As described above, the input of the inverter Q2 becomes "H" by the diode D6 for a delay time during which the charge charge of the capacitor C4 is gradually discharged by the variable resistor VR, and the output is output by the inverter Q3. Inverting to "H", this time, the output of inverter Q4 of the latch circuit is reversed to "L", so that the output side of inverter Q6 is inverted to "H", the field effect transistor FET is turned off, and the relay RY ), The relay contacts are also OHH, and the output of the inverter S < " becomes " H ", so that the LED is also turned off.

According to the present invention as described above, there is a reset circuit by the photocoupler (PT) and the capacitor drop method by the AC capacitor and the reactor, and the driving of the relay (RY) is indicated by the light emitting diode (LED) and the capacitor (C4). It is to have the OFF time by the time set by the variable resistor (VR) and the variable resistor (VR) is an industrially useful invention that can be restarted when the momentary power failure occurs within the delay time set by the variable resistor to prevent the stop of the motor.

The accompanying drawings are electrical circuit diagrams of embodiments for explaining the present invention.

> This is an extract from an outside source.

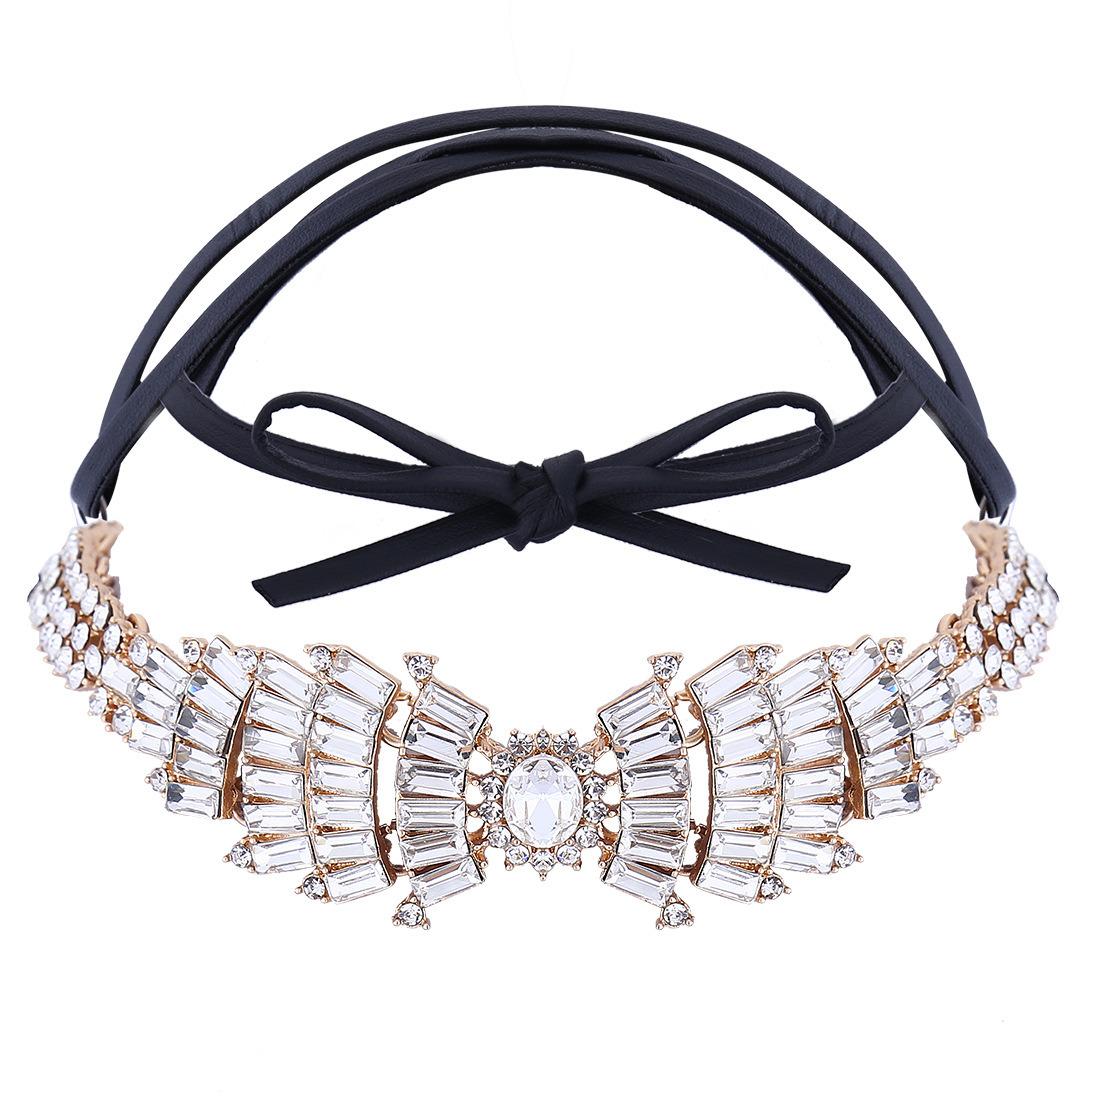 Fashion PU Leather Full Rhinestone Bow Wings Diamond Collar Choker Necklace Jewelry
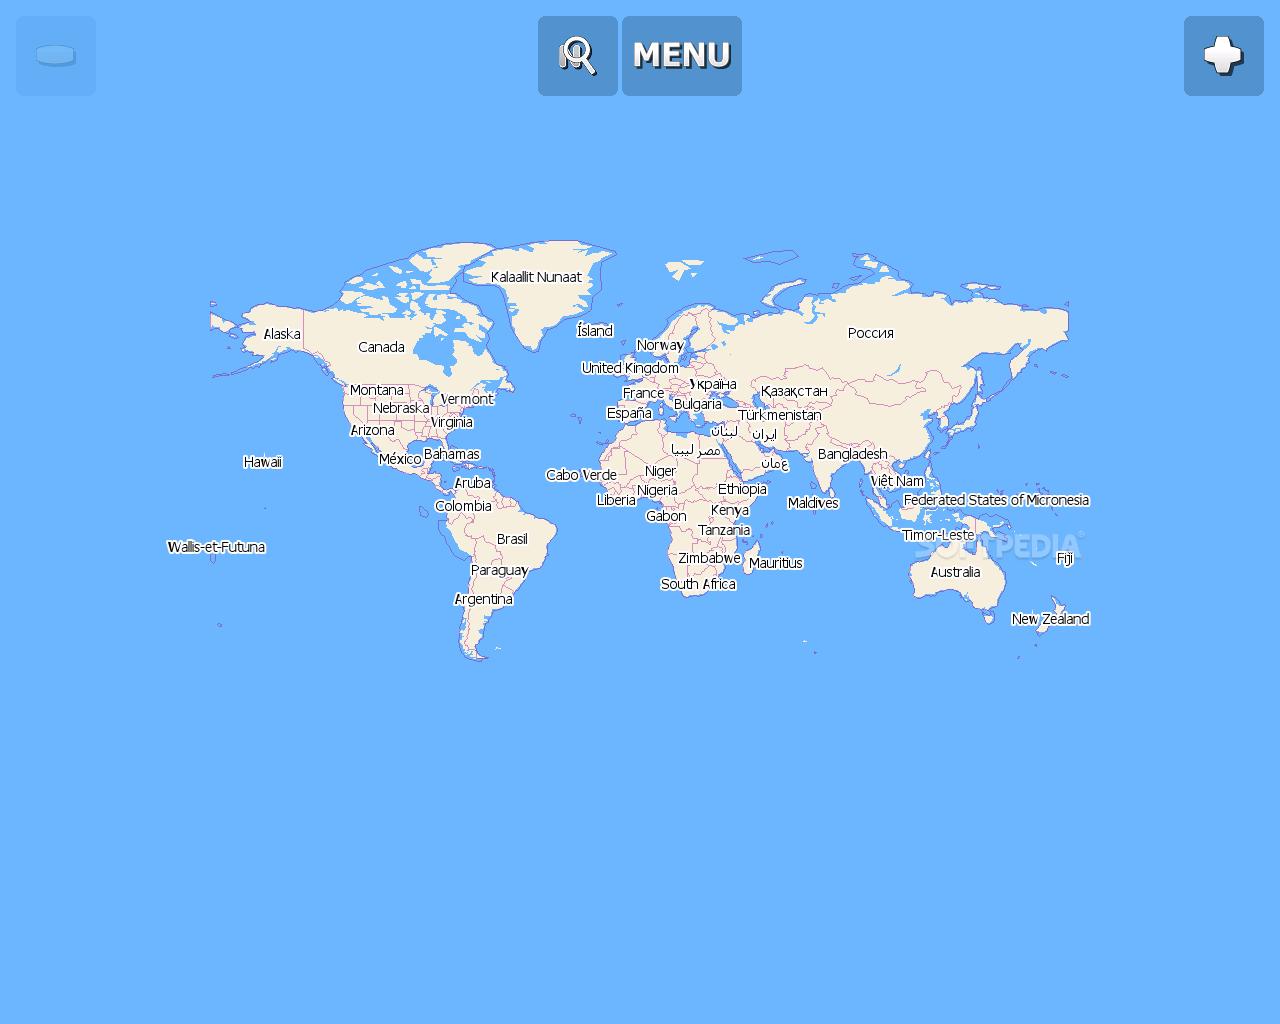 Download mapFactor Navigator Free 17 1 6

---- Explanation of codes in drawing ----

L1 and L2 are power input terminals, S1 is ON switch, S2 is OFF switch, and R1 is relay. FET is a field effect transistor, Q1 is an NPN transistor, and P.T is a photocoupler. OCR is overcurrent relay, MC is magnetic contactor coil. Q2 ~ Q7 are inverters and LEDs are light emitting diodes. VR is a variable resistor. C1 is AC capacitor. L1-L2 are co-reactor, D1-D9 are diodes. Sw test switch. C2 ~ C6 are capacitors. ZD is a zener diode. R1 ~ R10 means fixed resistance.

Claims (3)

The output of the time constant circuit composed of the diode D6, the fixed resistor R6, the variable resistor VR and the capacitor C4 is connected to the input side of the inverters Q2 and Q3 constituting the latch circuit. The output of the ground circuit is grounded through the inverter Q6 and the fixed resistor R3, and the source is connected to the gate of the field effect transistor FET connected to the coil of the relay RY to drive the relay. Delay release relay. The method of claim 1, wherein the latch circuit is connected to the collector of the transistor Q1 of the emitter grounded and the base of the transistor Q1 is connected to the output contact of the relay (RY) through the resistor (R8) Featuring a delayed release relay. The output contact of the relay circuit according to claim 1, wherein the output contact of the relay RY is connected to the input side of the latch circuit through the photocoupler PT, and the output of the latch circuit is connected to the inverter Q7 and the light emitting diode LED. Delayed release relay connected to the constant voltage circuit to display the operation of the relay.